Sleep is one of the basic needs that is crucial for physical and mental health. Sleep hygiene is the term used to describe healthy sleep habits or behaviors that can help improve the ability to fall asleep and stay asleep throughout the night. Establishing and practicing good sleep hygiene improves both the quality and quantity of sleep received each night. It also plays an important role in physical and mental health.
According to research, a person needs approximately 7 to 8 hours of sleep to regain daily energy and lead a healthy life. This may vary depending on a person's age, gender and job. Since sleep is a basic need, people with sleep disorders and sleep deprivation may experience a number of health problems. This situation, which can also negatively affect mental health, causes problems in terms of focus, attention, concentration and productivity.
Why is Sleep Hygiene Disrupted?
Sleep problems, which are common today, can be caused by many physical and psychological factors, and many health problems can occur as a result of insomnia. Psychological problems such as depression, anxiety and anxiety are often at the root of sleep disorders.

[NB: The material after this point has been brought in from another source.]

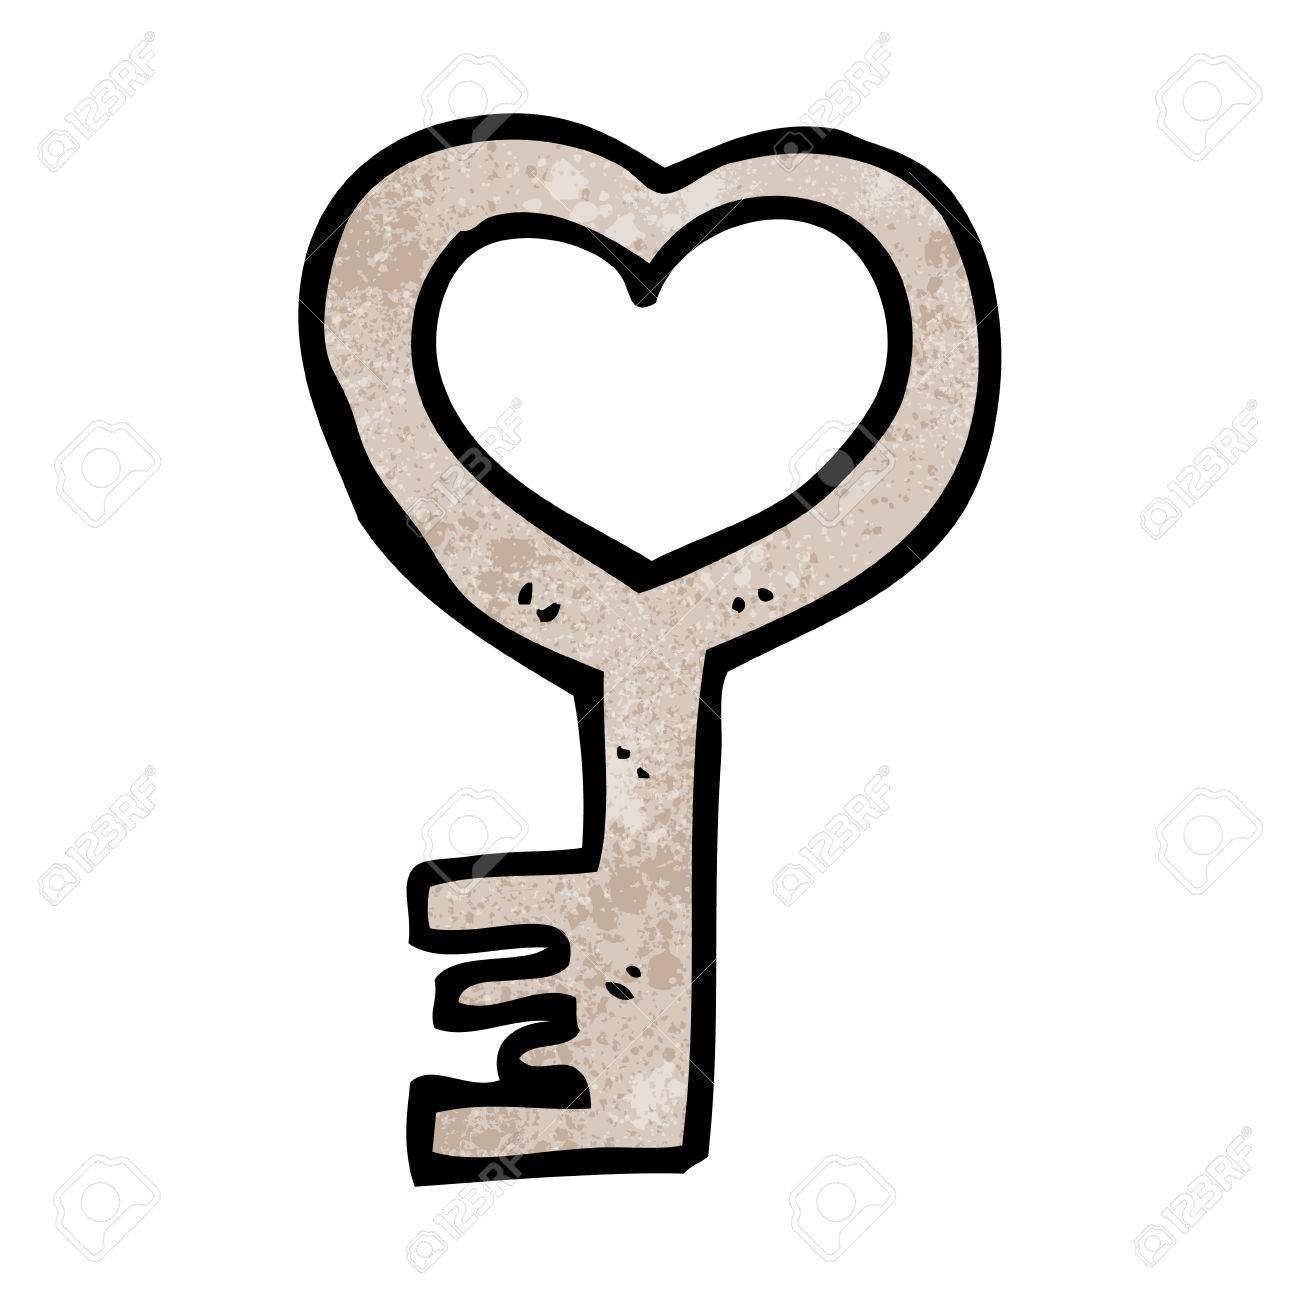 27869909-cartoon-heart-shaped-key-Stock-Vector.jpg

Sleep disorders or sleep problems that develop without a health problem can be eliminated with a set of measures called sleep hygiene. Behaviors and habits that disrupt sleep quality may include smoking, alcohol, excessive coffee and tea consumption. Therefore, you should avoid smoking and alcohol consumption and limit coffee and tea consumption.
How to Improve Sleep Quality?
If sleep problems are related to a mental or physical health problem, you should first consult a specialist doctor and treat the problem that causes this condition. In sleep disorders that are not associated with any health problem, individuals should adopt some behaviors and avoid some behaviors. Here are some items that will answer the question of how to improve sleep quality:
Creating a Sleep Pattern
The person should establish a sleep pattern and go to sleep and wake up at the same time every day. This can improve sleep quality. However, most people change their sleeping hours on days when there is a holiday the next day and do not sleep until late at night. However, this disrupts the sleep pattern and the person starts to have sleep problems.
Preparing a Good Sleep Environment
By preparing an ideal sleep environment, people can sleep more easily and prevent sleep problems that may occur. A good sleeping environment should be dark enough, quiet and at a comfortable temperature.
Using the bed only as a sleeping tool
Using technological devices such as phones and computers, eating and reading in bed negatively affects sleep quality and prolongs the time it takes to fall asleep. To improve sleep quality, social and basic needs should be done outside the bed and the bed should only be used as a sleeping tool.
Regular Exercise
Research shows that people who exercise and play sports regularly sleep better and have better sleep quality than those who do not. However, intense exercise 2 hours before bedtime can cause sleep problems. For this reason, it is important that sports and exercise before bedtime should not be too intense and should be done about 3 hours before bedtime.
Creating a Nutrition Plan and Regular Nutrition
Irregular and unhealthy eating habits are among the factors that cause sleep problems. People who eat too much fat and carbohydrates during the day experience a sudden rise and fall in blood glucose levels. For this reason, it is recommended that people with sleep problems do not eat anything at least 2 or 3 hours before bedtime to ensure sleep hygiene and improve sleep quality. In addition, people with regular and balanced eating habits are less likely to experience risky conditions such as obesity.
Avoiding Smoking and Alcohol Consumption
Smoking and tobacco use are known to reduce sleep quality. These substances, which contain nicotine, have a stimulating effect and this effect negatively affects sleep quality. In addition, smokers suffer from respiratory diseases, asthma and cough, which can lead to sleep disturbances. In addition, alcohol consumption can cause brain activity to deteriorate and the sleep part of the brain not to work well. Therefore, avoiding the use of harmful substances is beneficial to protect both your physical and mental health.
Avoiding and Limiting Excessive Caffeine Consumption
Caffeine is a substance that has a stimulating effect on the body and prevents falling asleep. Drinks such as tea, coffee or soda, which do not cause any harm if consumed regularly, can cause sleep problems if consumed too much.
Reducing Stress Levels
People who are exposed to intense stress are observed to have some problems such as sleep disorders. People should reduce the factors that can cause stress in their lives and manage stress well. Since situations such as stress can lead to psychological problems, it is also important to get professional support in this regard.
Short and Long Term Consequences of Insufficient Sleep
Short-term consequences of sleep disturbance include increased stress, reduced quality of life, emotional distress, mood disorders and memory problems. When sleep disturbance becomes a long-term problem, hypertension, cardiovascular disease, dyslipidemia, weight-related problems, type 2 diabetes and gastrointestinal disorders may also occur.